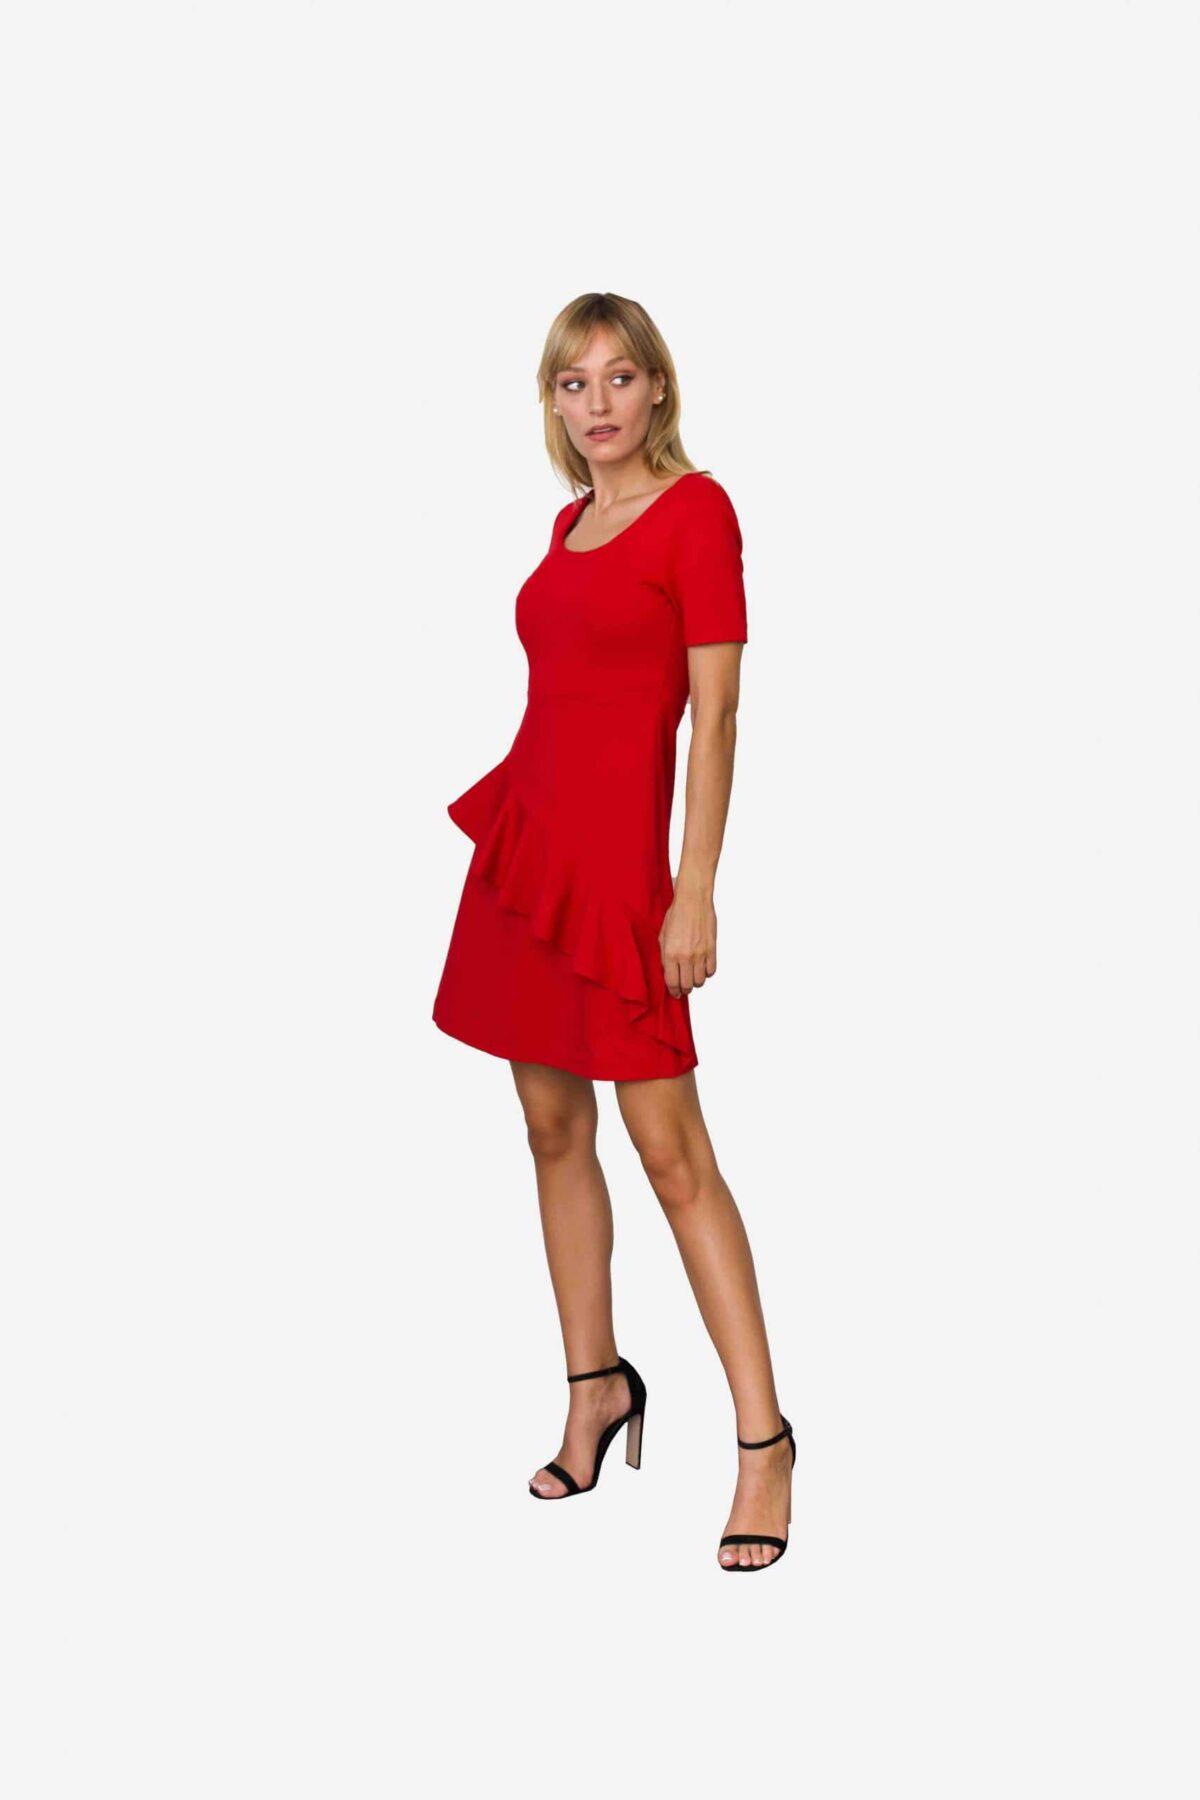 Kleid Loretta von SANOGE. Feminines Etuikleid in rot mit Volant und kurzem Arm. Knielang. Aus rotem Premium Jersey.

▬▬▬▬▬▬▬▬▬▬

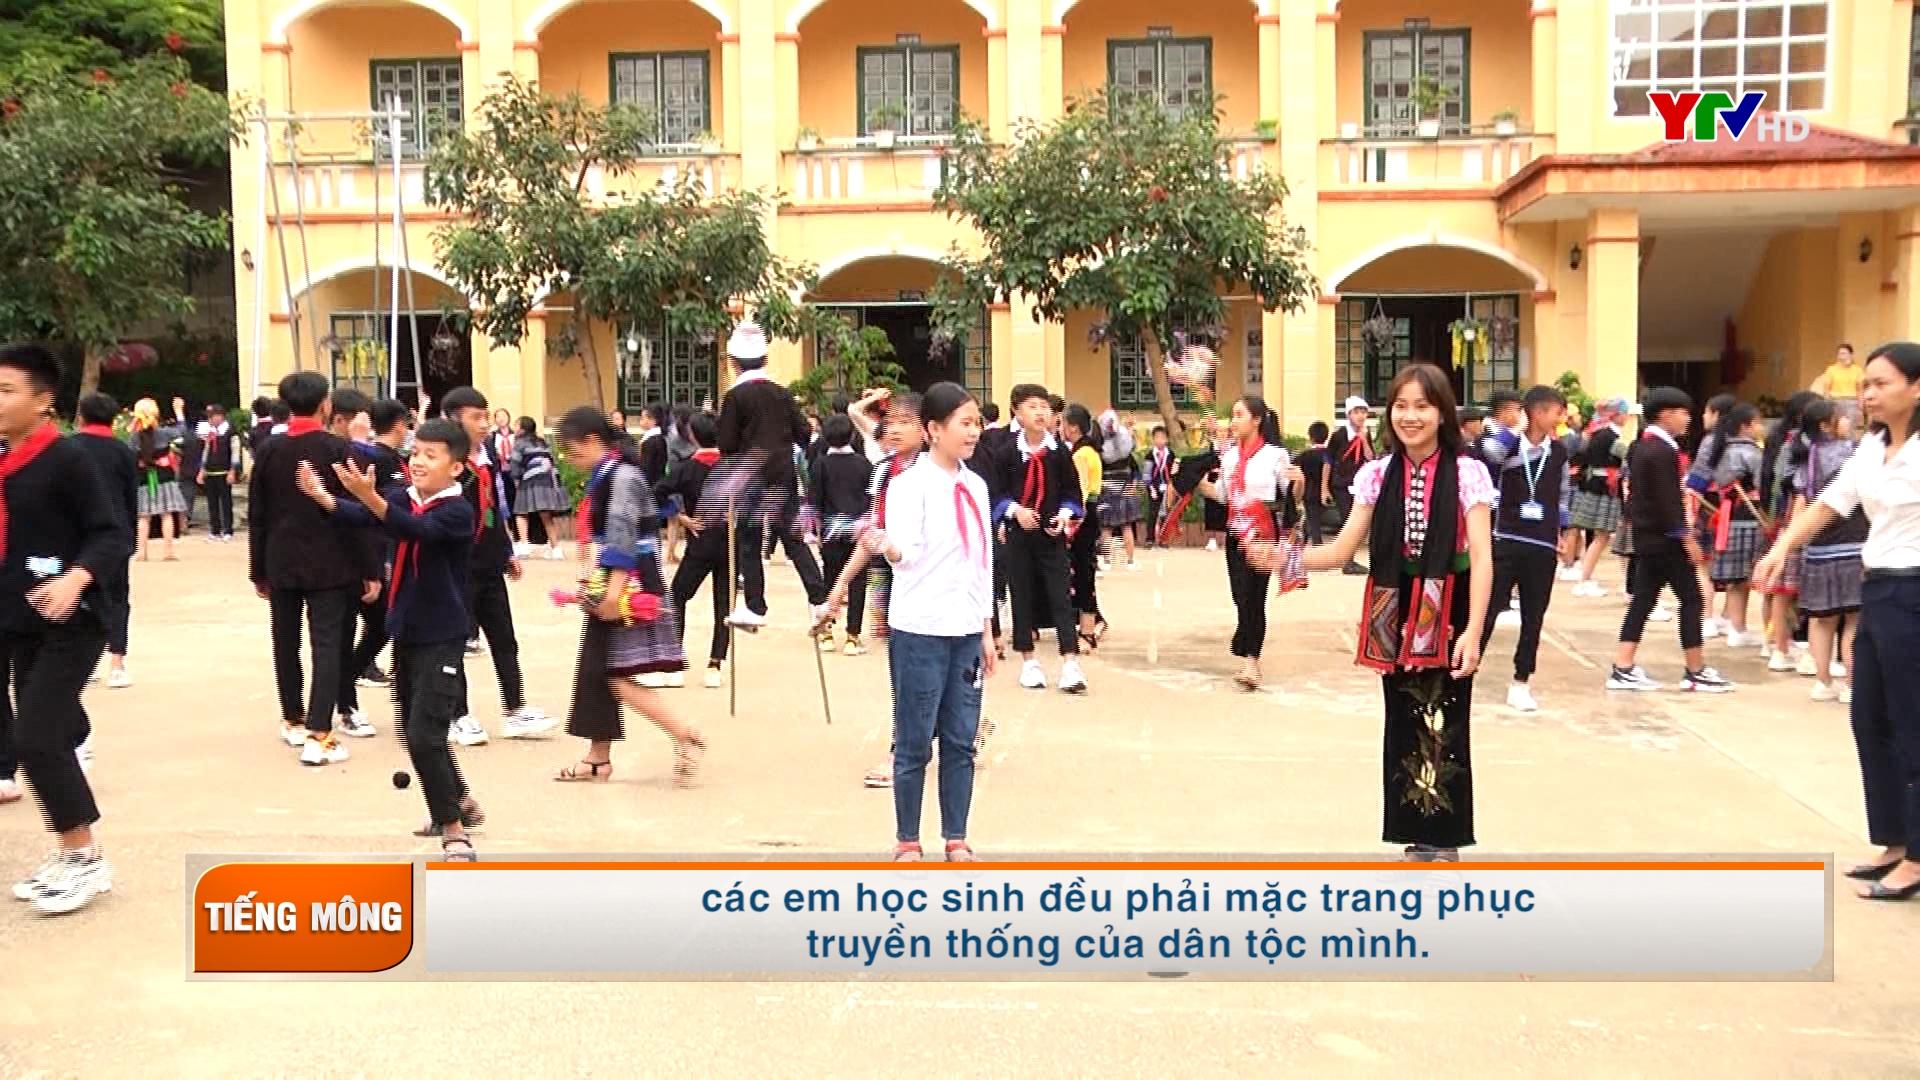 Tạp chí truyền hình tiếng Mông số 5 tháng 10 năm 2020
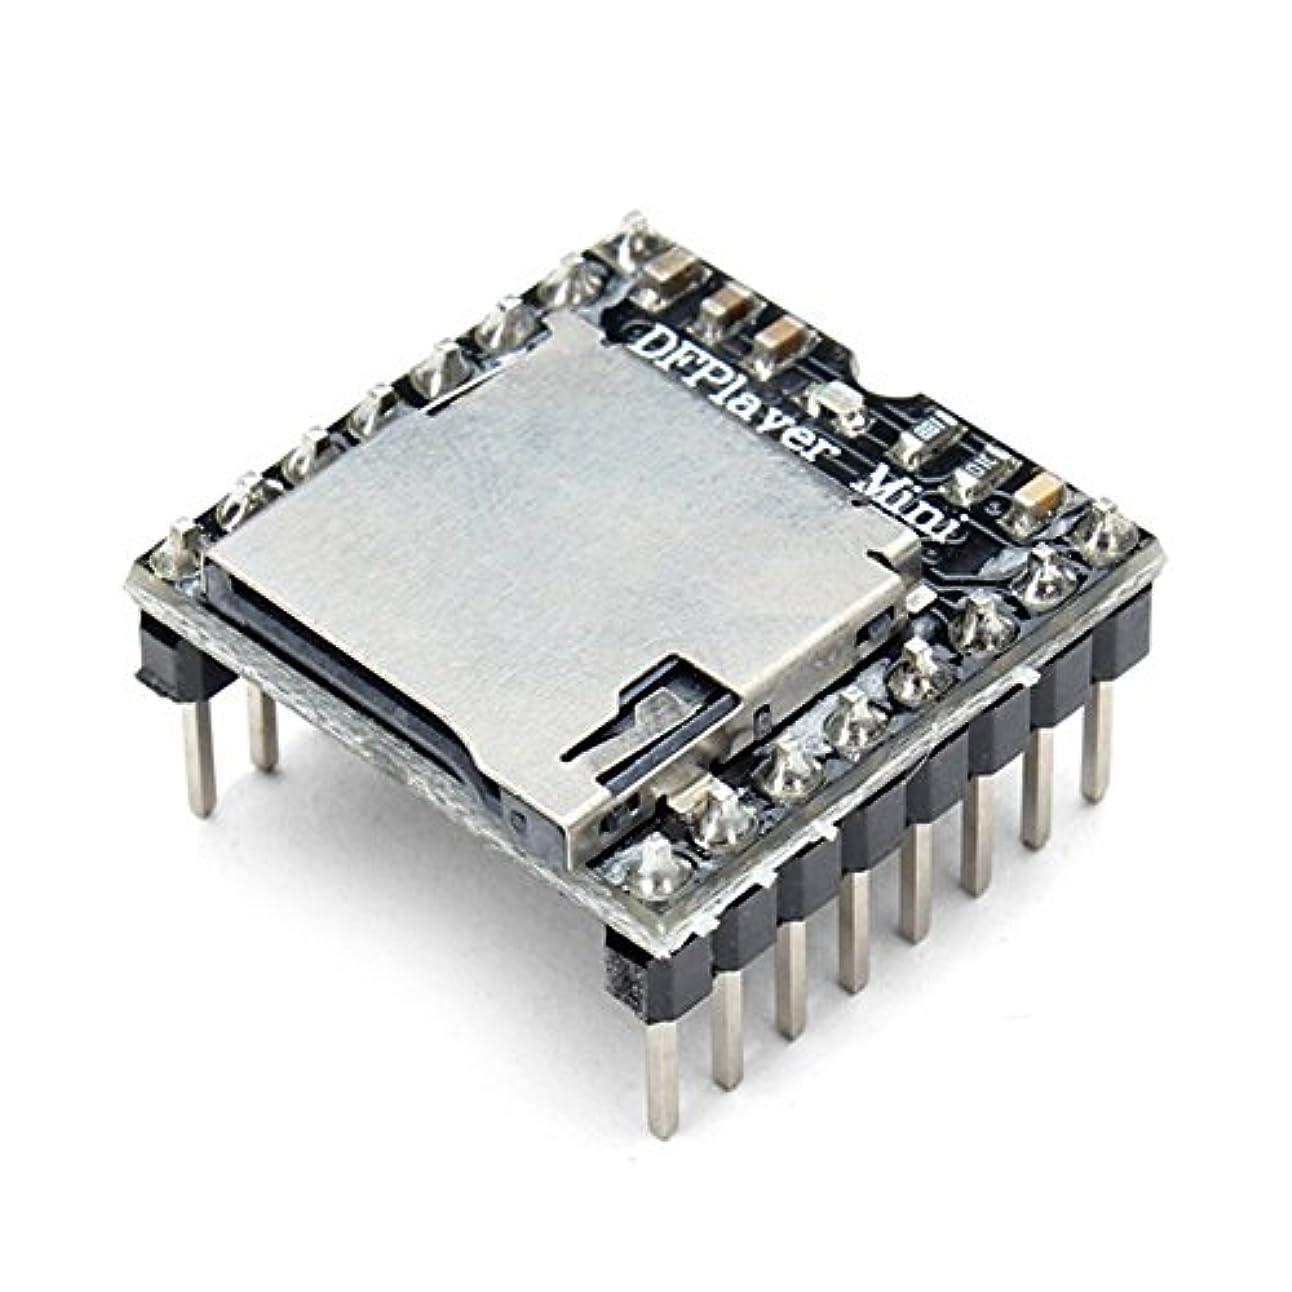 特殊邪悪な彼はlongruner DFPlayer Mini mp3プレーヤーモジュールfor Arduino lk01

▬▬▬▬▬▬▬▬▬▬

**Task requirements**
The answer is those lines of the material above that run from the one containing "Tạp chí truyền" up to and including the one containing "特殊邪悪な彼はlongruner DFPlayer Mini", restated exactly and without images.

**Problem solution**
 Tạp chí truyền hình tiếng Mông số 5 tháng 10 năm 2020
 特殊邪悪な彼はlongruner DFPlayer Mini mp3プレーヤーモジュールfor Arduino lk01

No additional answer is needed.